Everyone, at some point in their life, visits Thailand. It’s another thing that Thailand hadn’t been my choice, but having said the word sort of sealed my destiny. There was no turning around.

It was Adventure New Delhi all over again, right down to the lack of plan, the need for a ticket and not enough time to find one. I guess, what they say about people’s genetic makeup is true—if you were born impulsive and unprepared, you would naturally exhibit all evidence of that throughout your life.

My knowledge of airline processes was not reliable, but there was an optimist inside me that never gave up hope. If Indian Railways could issue a ticket in the nth hour, airlines could too. I mean, why not! People often did impulsive things, so there was no reason why I should not belong in the category that got lucky.

It was all about faith, I guess, or confidence, for eventually everything falls in place.

But for every optimistic view of mine, there was a negative force that worked hard to shake my beliefs.

Where the heck was Thailand on the world map?
What do you propose to do, assuming you get there?
Do you have the money?
Didn’t someone say it was impossible to find normal food, unless you called creepy crawlies “normal”?
And what was that about sex tourism?
You have heard of tourists being raped, murdered and mugged, haven’t you?
Do you have any idea what you are getting into?

The questions stumped me for a moment, but I have the qualities of a rubber ball. I may not have had answers, but I am loyal to my goals.

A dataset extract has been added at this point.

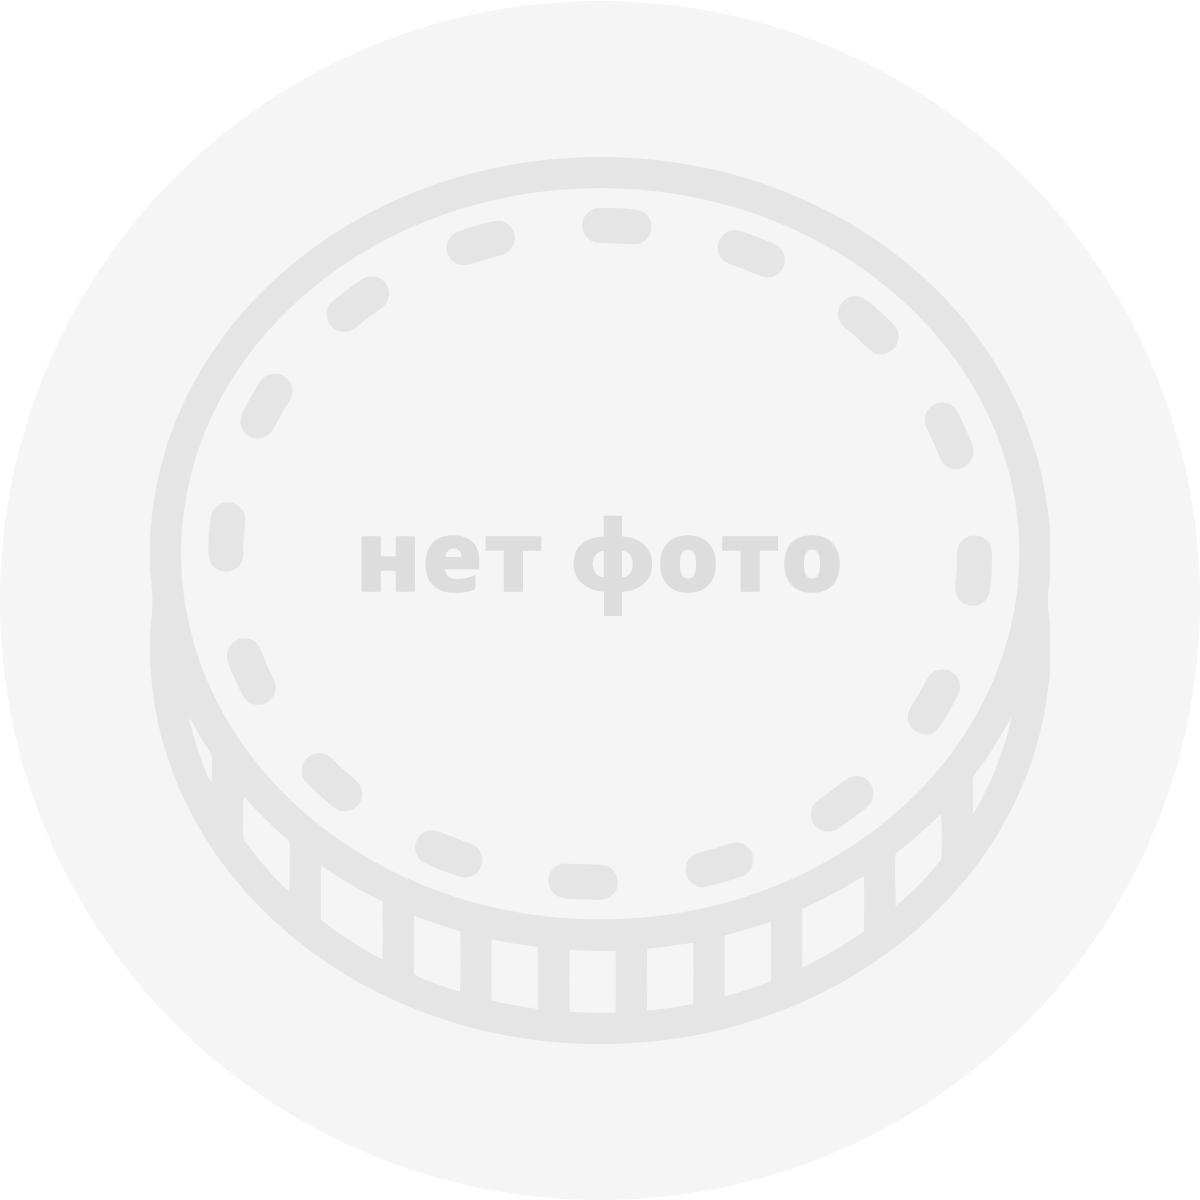 500 марок 1923 года цена sovmint ru

To Thailand, I would go. I could live with eating crawlies, not-so with being raped, and couldn’t care less about being mugged. Two out of three was a good score.

Meghna, a travel-agent friend, was the answer to my ticket. After considerable eye-rolling and friendly chiding, she tapped into the magical fountain and found a ticket.

“Airlines,” she said with a straight face, “are always prepared to squeeze in last-minute travellers. You know why? The cost, of course. You will pay premium price, you know.”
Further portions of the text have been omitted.